Click here to go directly to that chapter.

The first step, therefore, in making a predictive or analytic procedure is to analyze a time series to see if it is
already covariance stationary. More often than not, a transformation is required to convert the non-stationary time series
to a stationary time series.

Examples of time series, include stock prices, raw material prices, and ALL data that is ordered by a given interval in
date and time. But to keep this article easy to follow, I will use a time series of Powerball, which is a type of lottery
game played once a week in Australia.

Fortunately, the historical data is easy to obtain from the Powerball website as a CSV file. For this example, I will only
be using only ONE (1) column to keep it easy to follow. However, you can extend this example to the rest of the columns.

(1) Load the data into a data frame

library(forecast)
## Warning: package 'forecast' was built under R version 2.15.2
## Loading required package: parallel
## Loading required package: tseries
## Warning: package 'tseries' was built under R version 2.15.2
## Loading required package: fracdiff
## Warning: package 'fracdiff' was built under R version 2.15.2
## Loading required package: zoo
## Warning: package 'zoo' was built under R version 2.15.2
## Attaching package: 'zoo'
## The following object(s) are masked from 'package:base':
## 
## as.Date, as.Date.numeric
## Loading required package: Rcpp
## Warning: package 'Rcpp' was built under R version 2.15.2
## Loading required package: RcppArmadillo
## Warning: package 'RcppArmadillo' was built under R version 2.15.2
## Loading required package: colorspace
## Loading required package: nnet
## Loading required package: caret
## Warning: package 'caret' was built under R version 2.15.2
## Loading required package: lattice
## Loading required package: reshape
## Warning: package 'reshape' was built under R version 2.15.2
## Loading required package: plyr
## Warning: package 'plyr' was built under R version 2.15.2
## Attaching package: 'reshape'
## The following object(s) are masked from 'package:plyr':
## 
## rename, round_any
## Loading required package: cluster
## Loading required package: foreach
## Warning: package 'foreach' was built under R version 2.15.2
## This is forecast 4.00
library(tseries)
library(zoo)

# (1-1) Load the data into a data.frame
hist.df <- read.csv("../R-nonsource/powerball.csv", colClasses = "character")

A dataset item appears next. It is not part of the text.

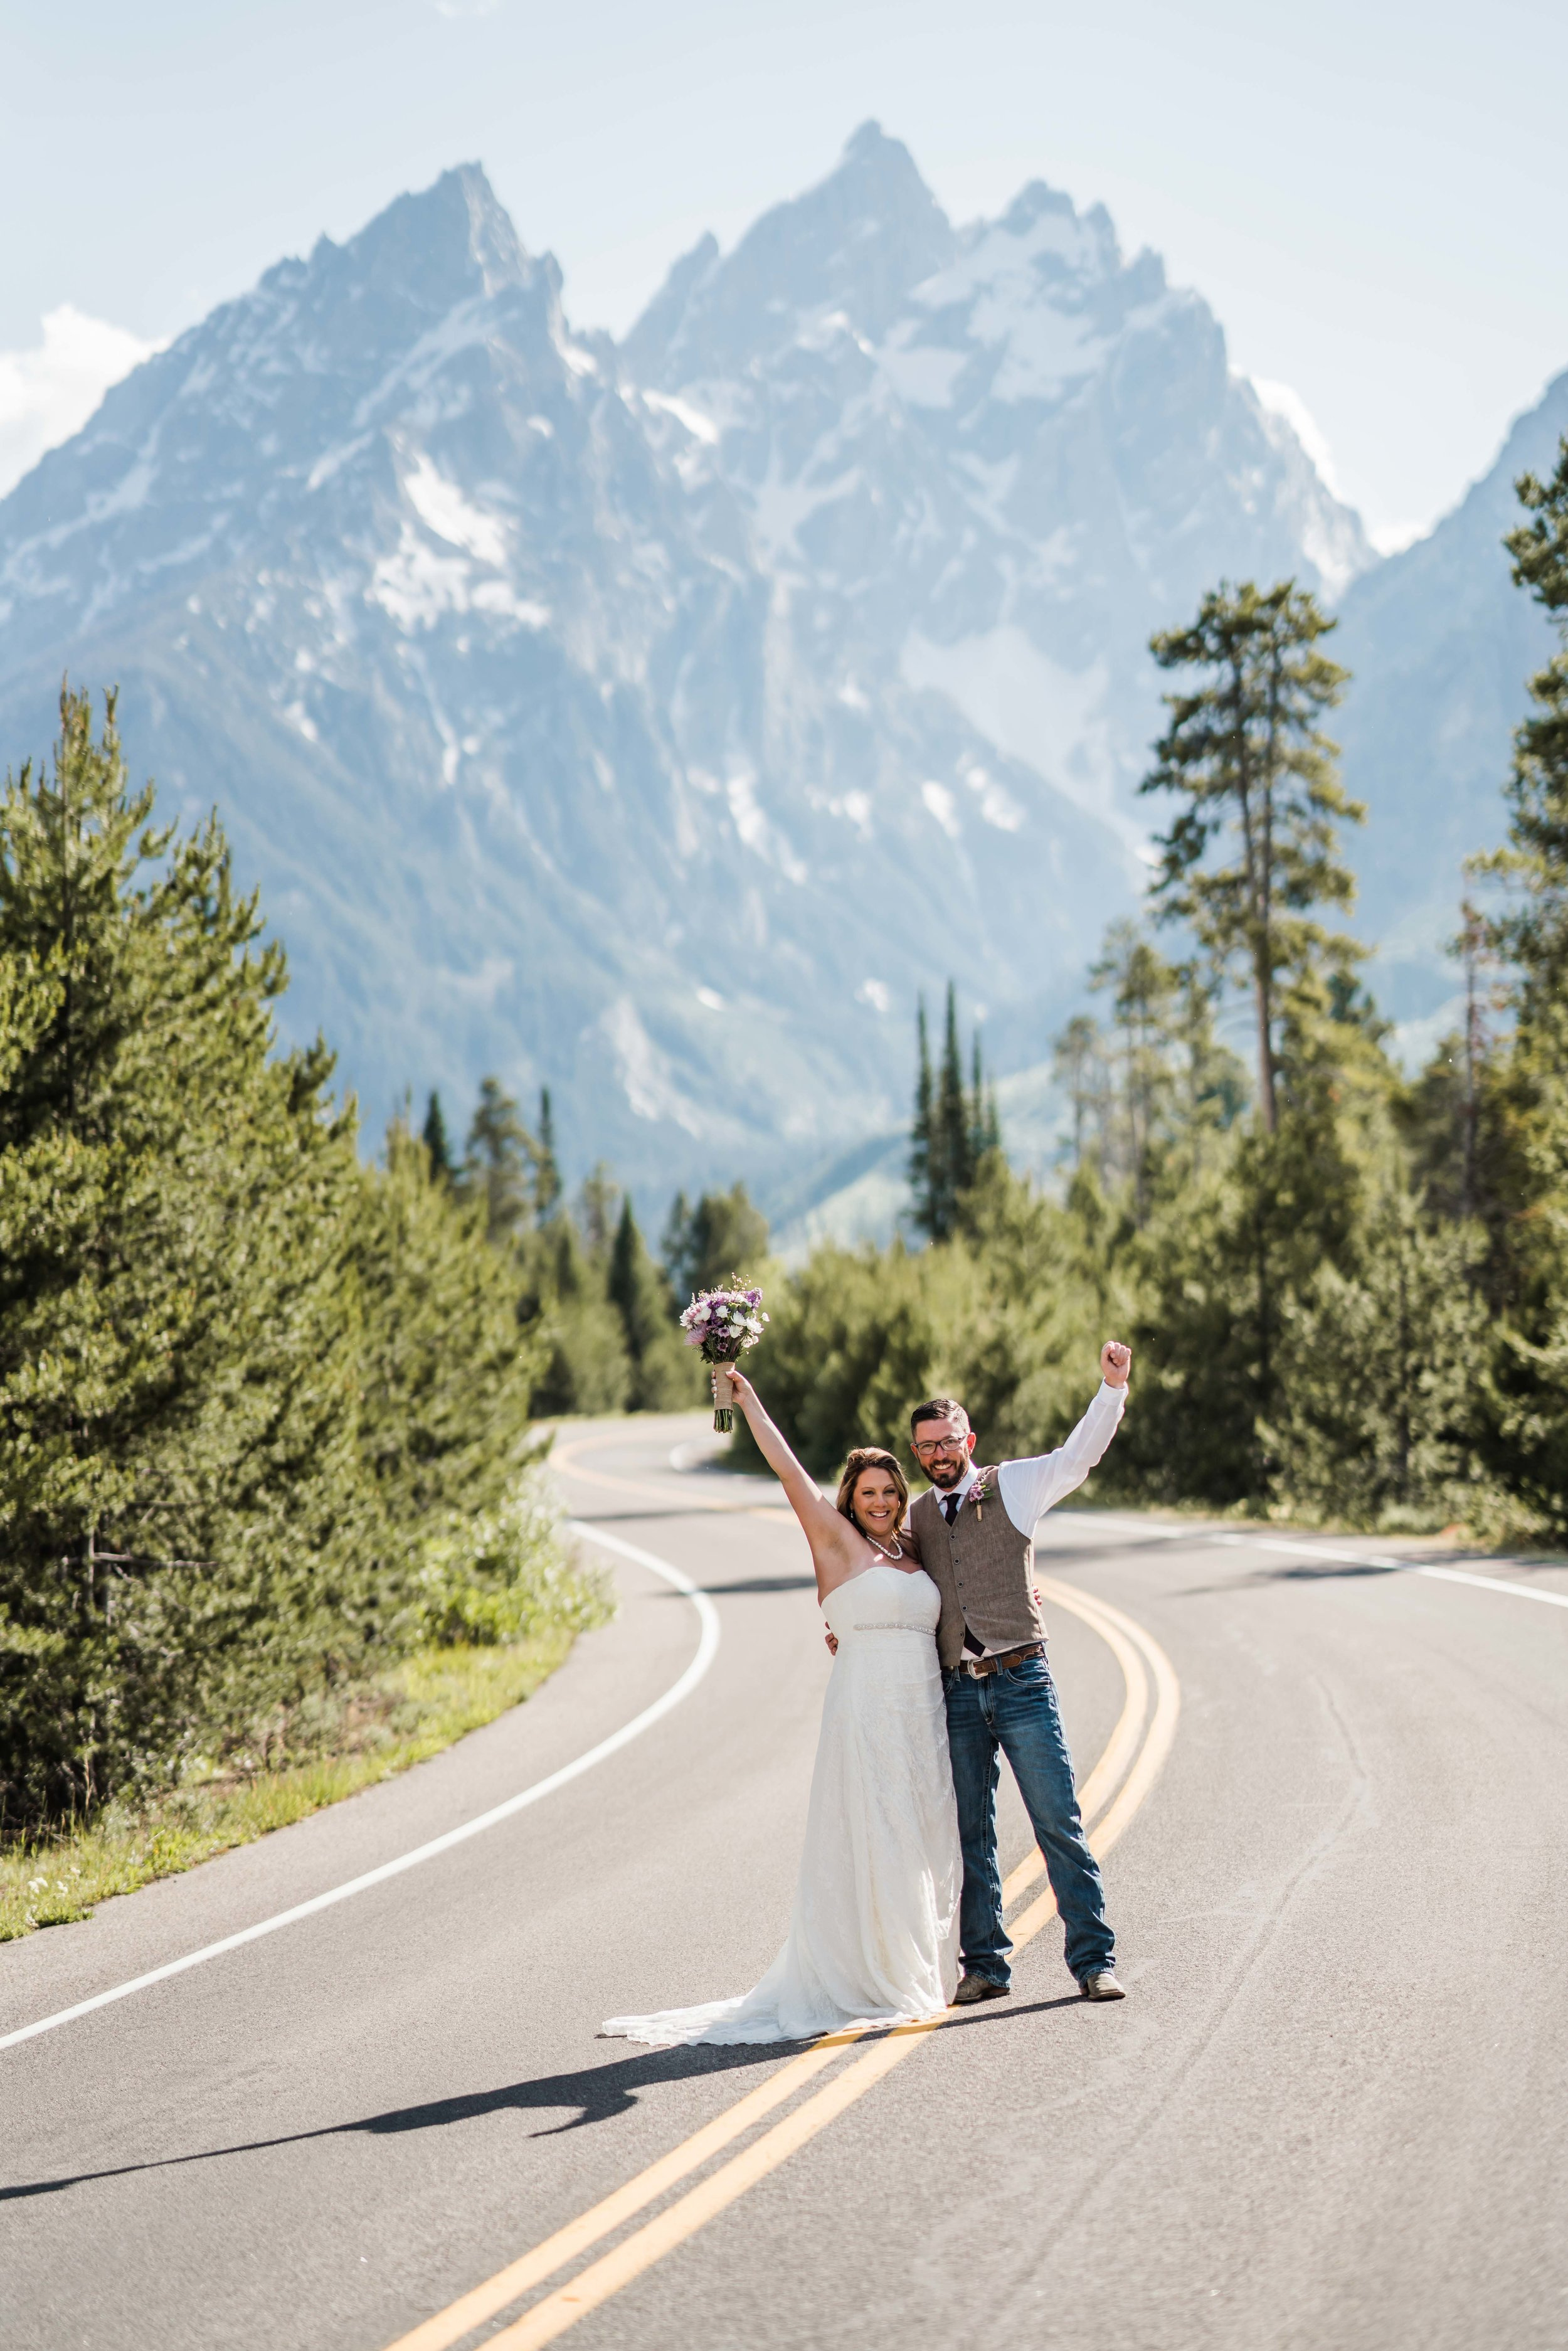 jackson hole adventure wedding photography at schwabachers landing in GTNP -DSC03652.jpg

# (1-2) Coerce the column into a numeric vector and create a zoo object
n1.zoo <- zoo(matrix(as.numeric(hist.df$Number_1), ncol = 1), as.Date(hist.df$Draw_date, 
    "%Y/%m/%d"))
names(n1.zoo) <- c("n1")

# (1-3) Note: For the zoo object, the latest result is at the LAST row
tail(n1.zoo)
##            n1
## 2012-10-18 31
## 2012-10-25 42
## 2012-11-01 25
## 2012-11-08  2
## 2012-11-15 37
## 2012-11-22  6

First, we load the data into a data.frame, then we coerce ONE (1) column into a numeric vector and create a zoo object.
For the zoo object, the LAST row corresponds to latest result, the penultimate row corresponds to previous week's results,
and so on.

(2) Test the column for normality

# --- Layout
layout(matrix(1:6, 2, 3, byrow = TRUE))

# (2-1) Sharpiro test (p>0.05 is normal) of data, diff(data), and
# diff(log(data)) Requires a vector as input
n1.vtr <- as.numeric(n1.zoo)
p1 <- shapiro.test(n1.vtr)$p.value
p2 <- shapiro.test(diff(n1.vtr))$p.value
p3 <- shapiro.test(diff(log(n1.vtr)))$p.value

# (2-2) Plot histogram of data, diff(data), and diff(log(data))
hist(n1.vtr, prob = T, main = c("n1", paste("Shapiro p=", prettyNum(p1, digits = 2))), 
    xlab = "n1", xlim = c(1, 45))
lines(density(n1.vtr))
hist(diff(n1.vtr), prob = T, main = c("diff(n1)", paste("Shapiro p=", prettyNum(p2, 
    digits = 2))), xlab = "diff(n1)")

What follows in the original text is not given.